Our data structure brainstorm might look like the following:
• Linked list? Probably not. Linked lists tend not to do very well with accessing and
sorting numbers.
• Array? Maybe, but you already have an array. Could you somehow keep the elements
sorted? That's probably expensive. Let's hold off on this and return to it if it's needed.
• Binary tree? This is possible, since binary trees do fairly well with ordering. In fact, if the binary search tree is perfectly balanced, the top might be the median. But, be careful—if there's an even number of elements, the median is actually the average
of the middle two elements. The middle two elements can't both be at the top. This is probably a workable algorithm, but let's come back to it.
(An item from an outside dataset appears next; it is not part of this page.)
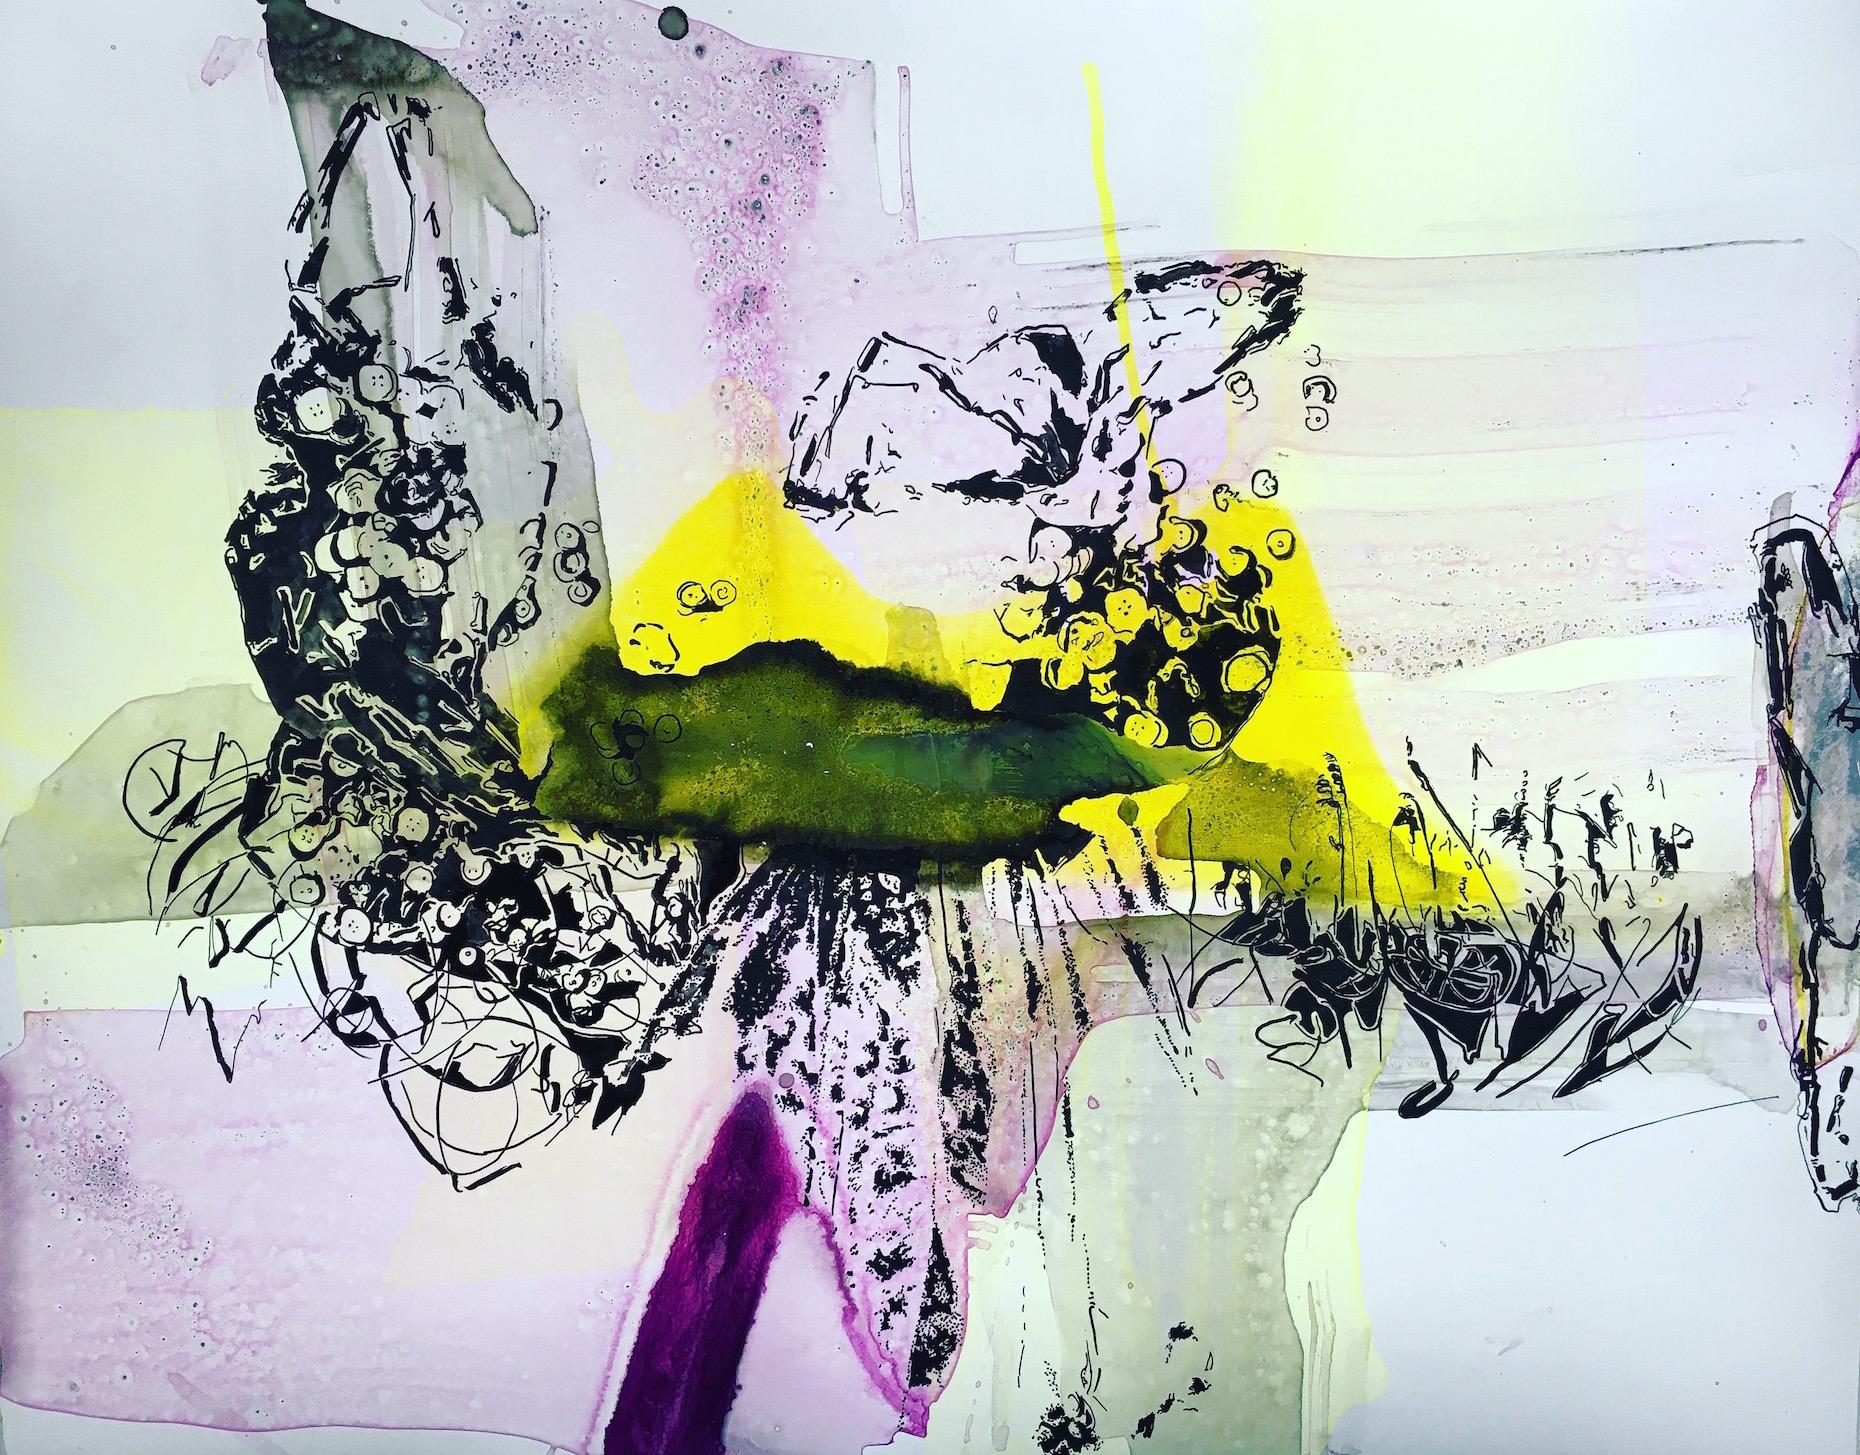 Joana Fischer, Plastic landscape I - Plastiklandschaft I, 2017, ink on yupo, 20 x 26 inches

• Heap? A heap is really good at basic ordering and keeping track of max and mins.
This is actually interesting—if you had two heaps, you could keep track of the bigger
half and the smaller half of the elements. The bigger half is kept in a min heap, such
that the smallest element in the bigger half is at the root.The smaller half is kept in a
max heap, such that the biggest element of the smaller half is at the root. Now, with
these data structures, you have the potential median elements at the roots. If the
heaps are no longer the same size, you can quickly "rebalance" the heaps by popping
an element off the one heap and pushing it onto the other.
Note that the more problems you do, the more developed your instinct on which data
structure to apply will be. You will also develop a more finely tuned instinct as to which of these approaches is the most useful.